ACTIVITY: An exact reprint of the listing is required, with no pictures included.

DATA BELOW:
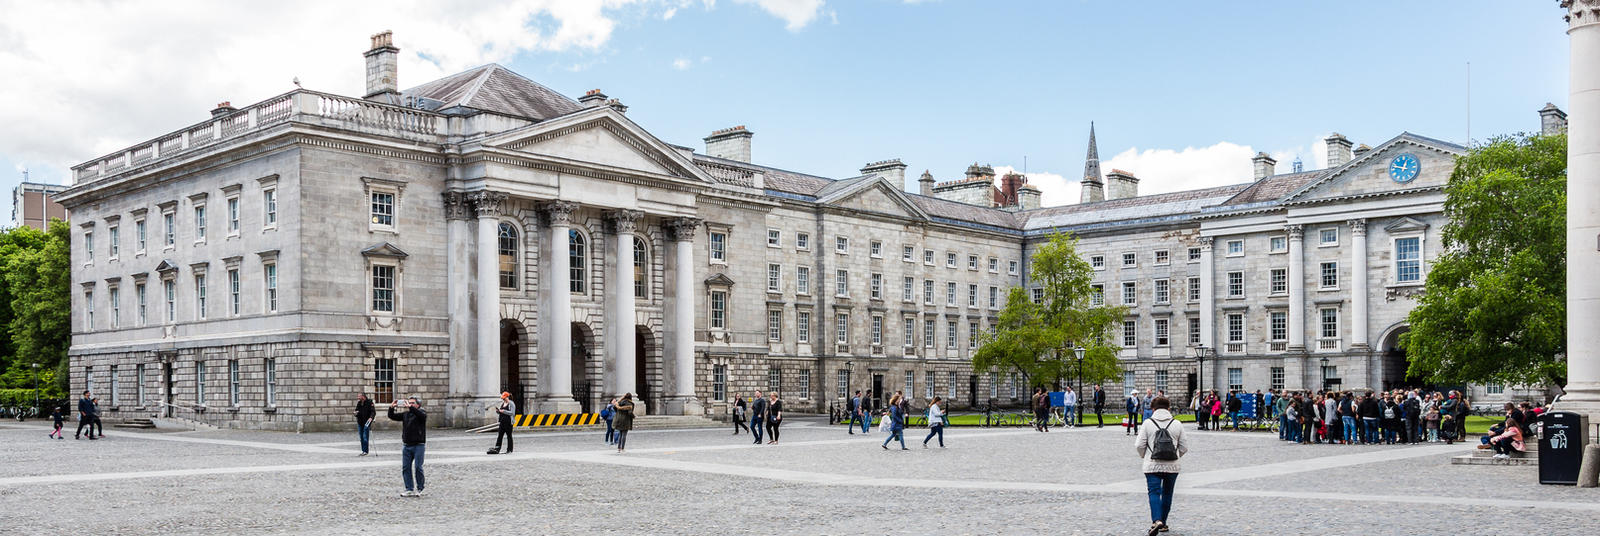 Study in Ireland in one of the top universities
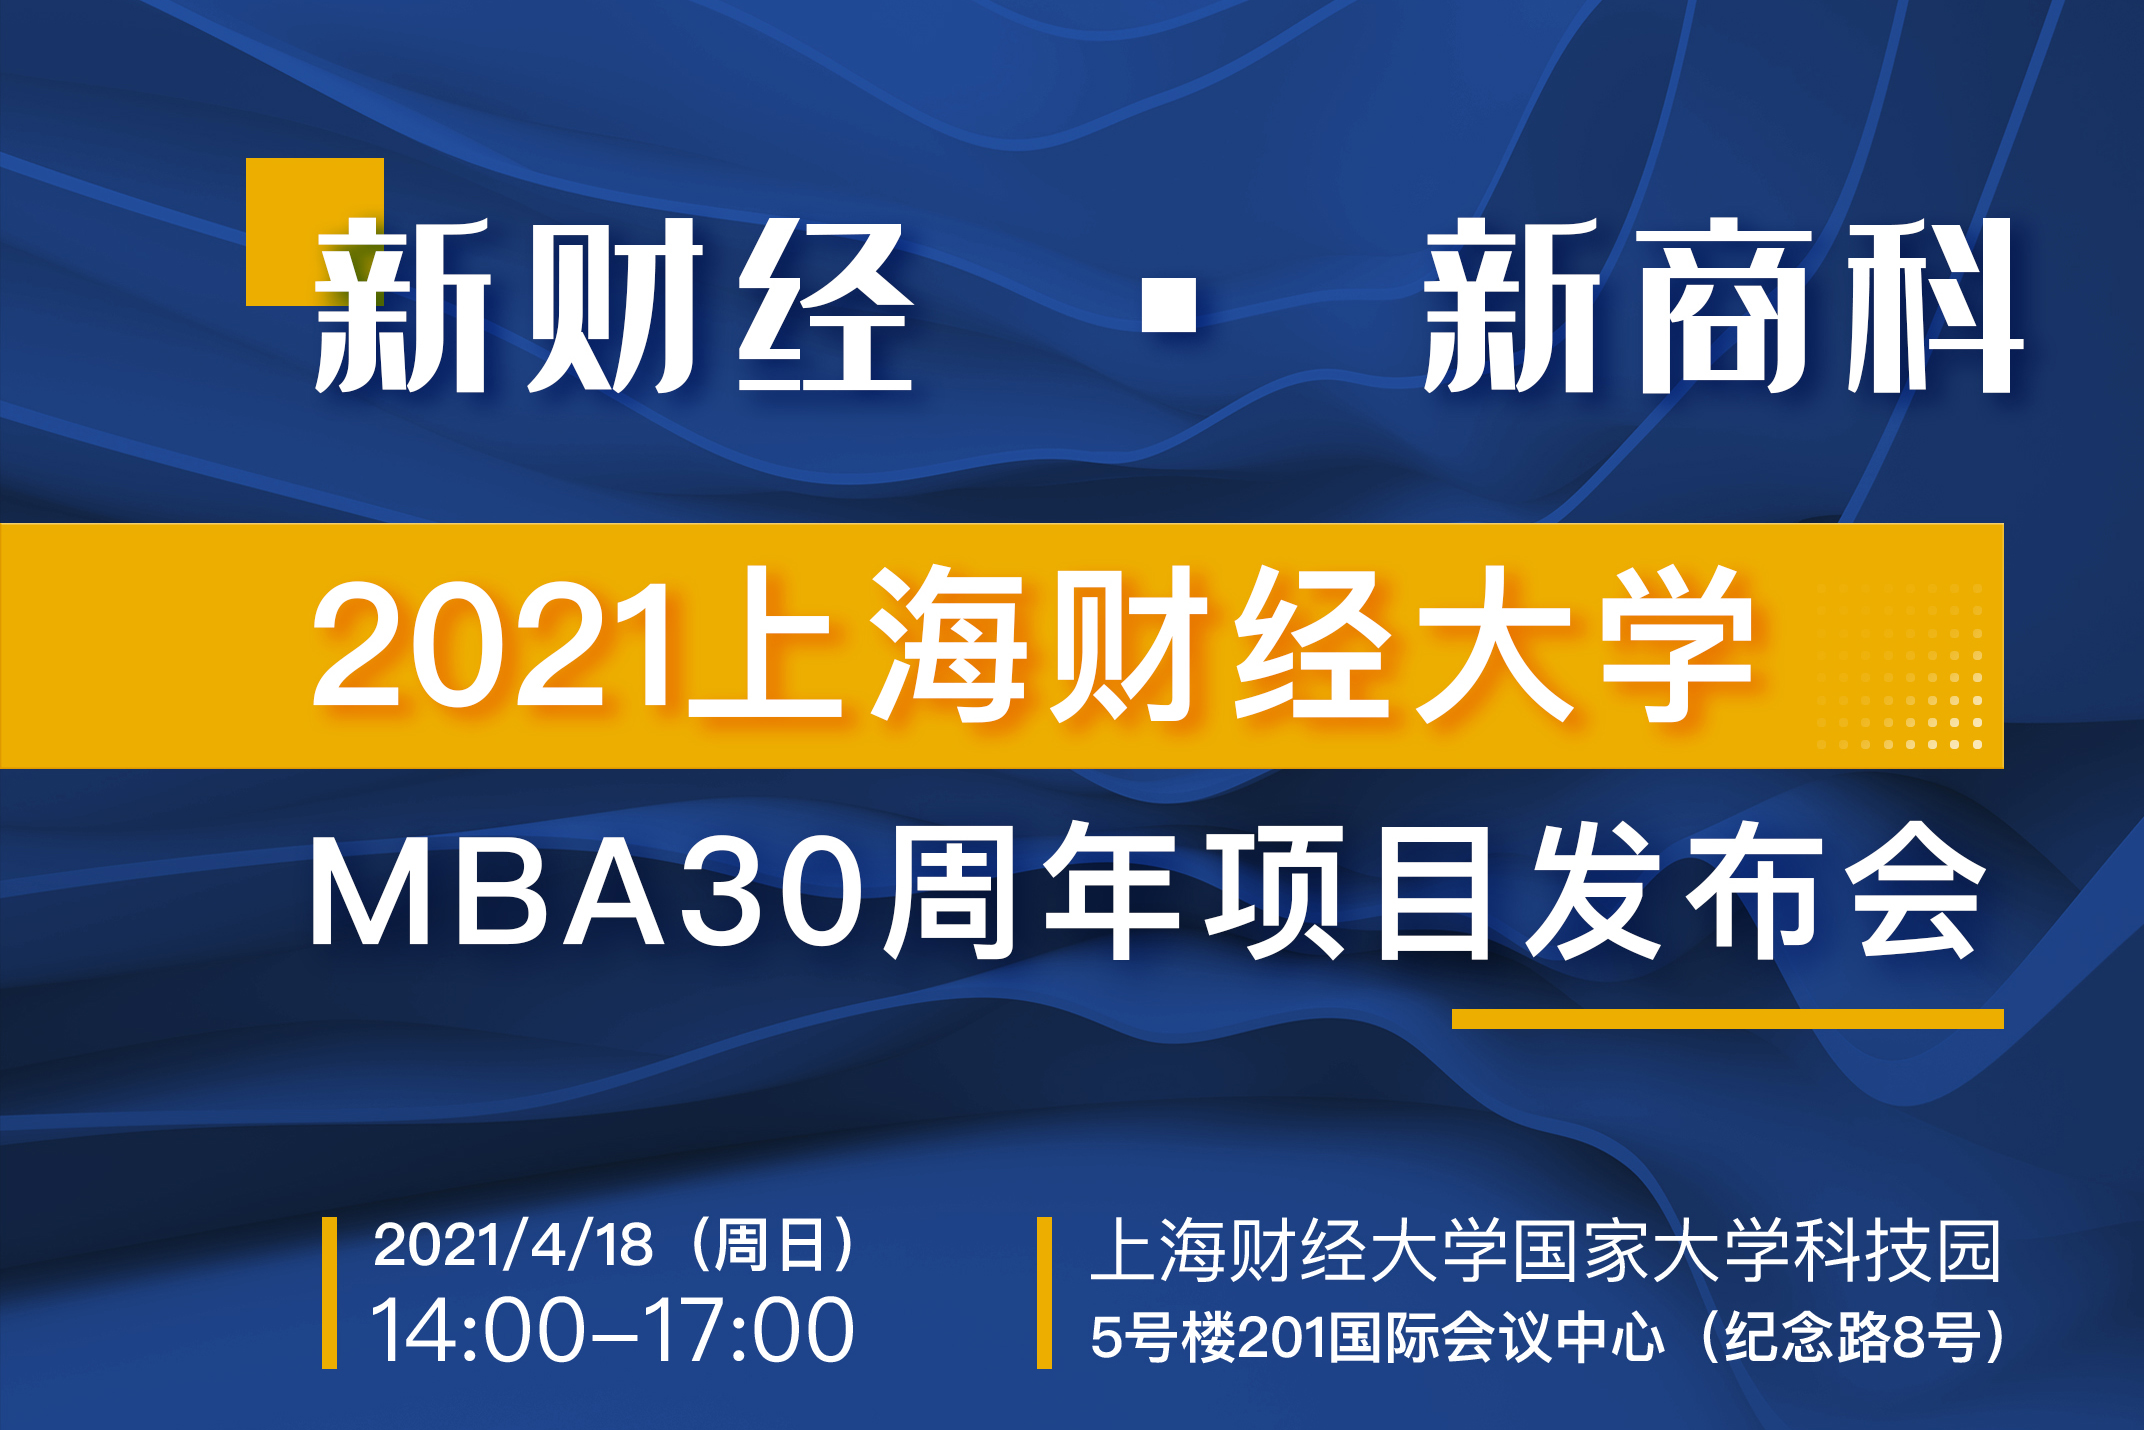 年度重磅邀请丨“新财经·新商科·新精英”上海财经大学MBA30周年项目发布会 
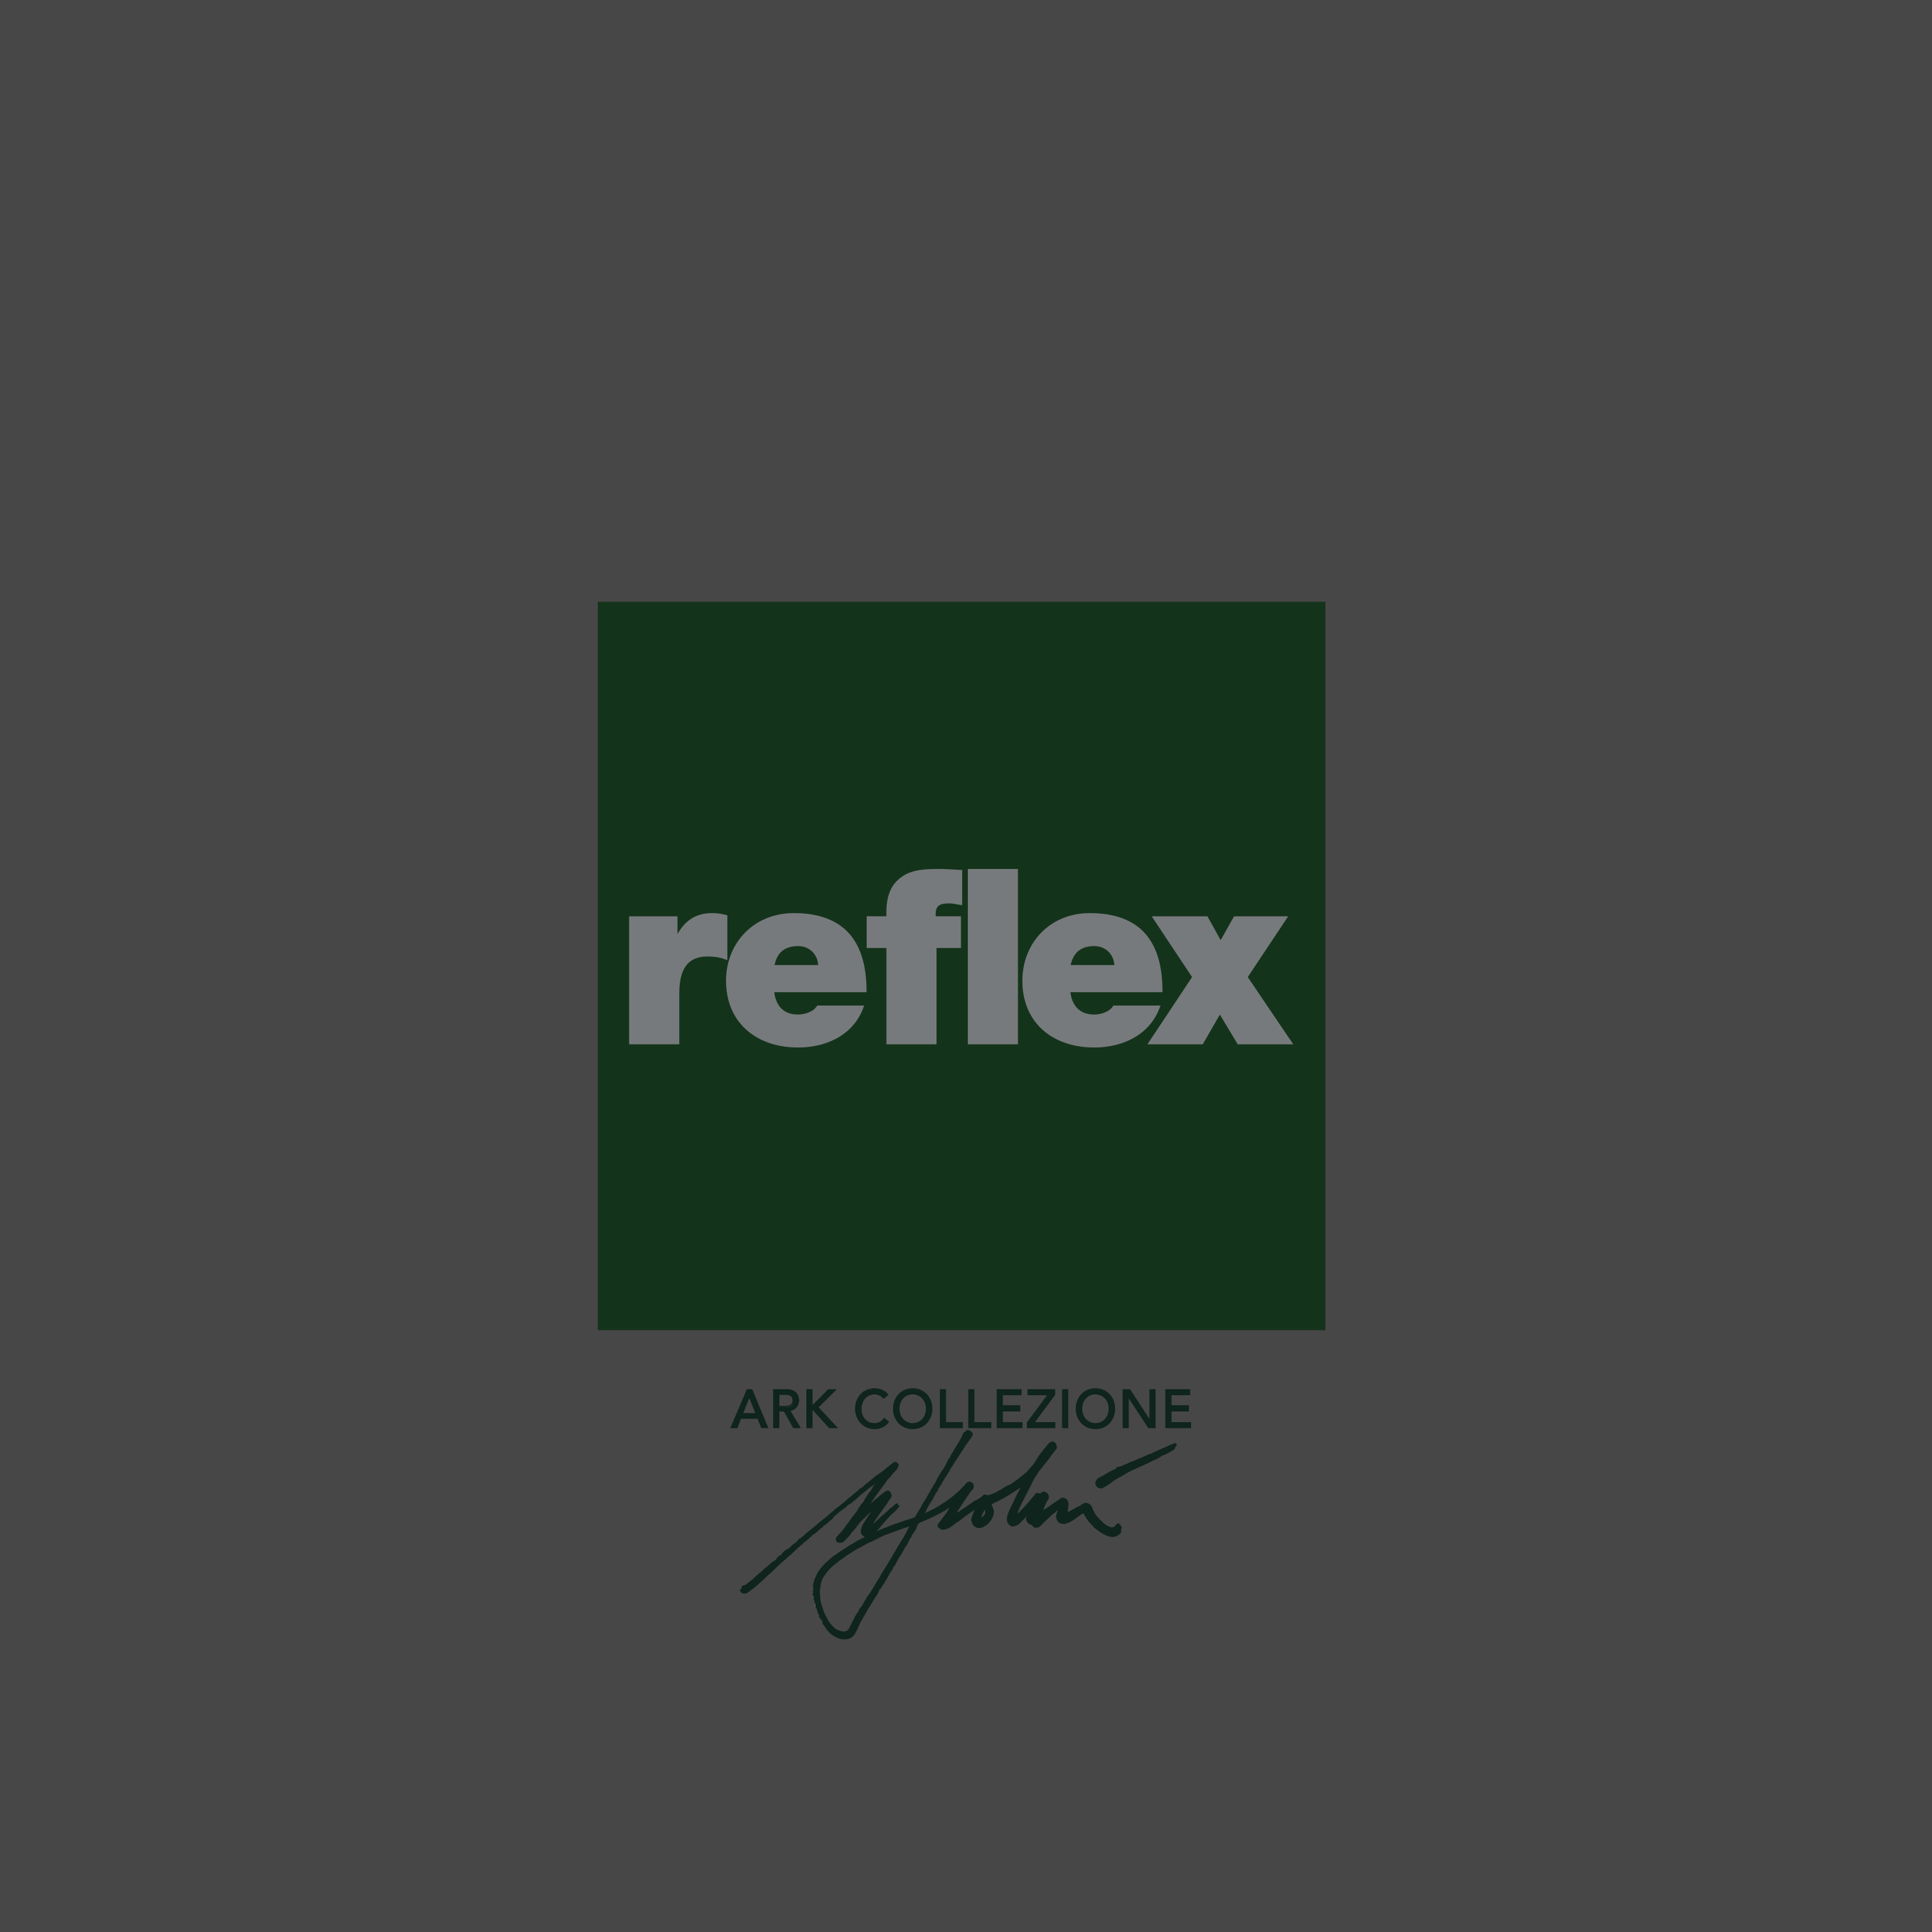 Reflex Ark Collezione Scolari
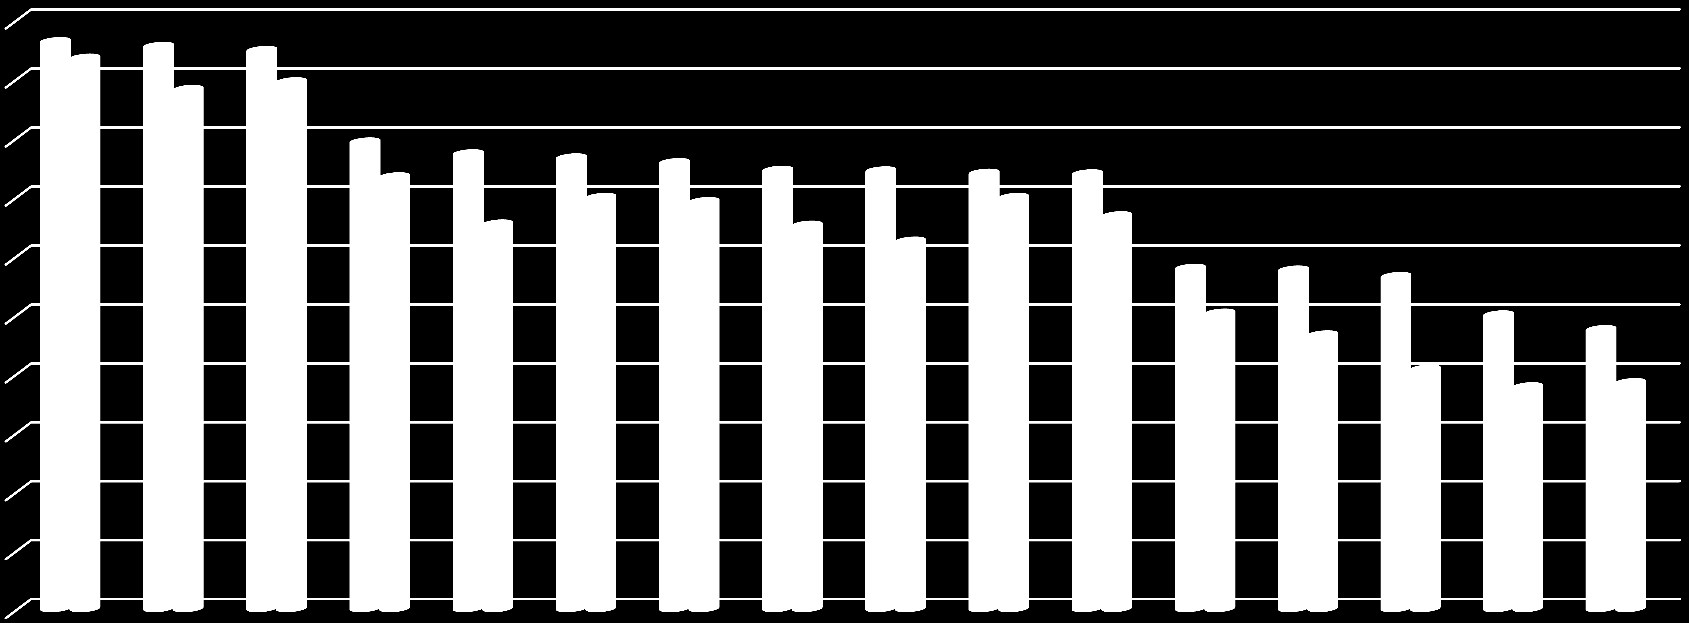 Haushalte [%] Der Stand des Breitbandausbaus heute Aktuelle Versorgung in den Bundesländern mit 30 Mbit/s und 50

EXPECTED OUTPUT:
 Study in Ireland in one of the top universities
 年度重磅邀请丨“新财经·新商科·新精英”上海财经大学MBA30周年项目发布会 
 Reflex Ark Collezione Scolari
 Haushalte [%] Der Stand des Breitbandausbaus heute Aktuelle Versorgung in den Bundesländern mit 30 Mbit/s und 50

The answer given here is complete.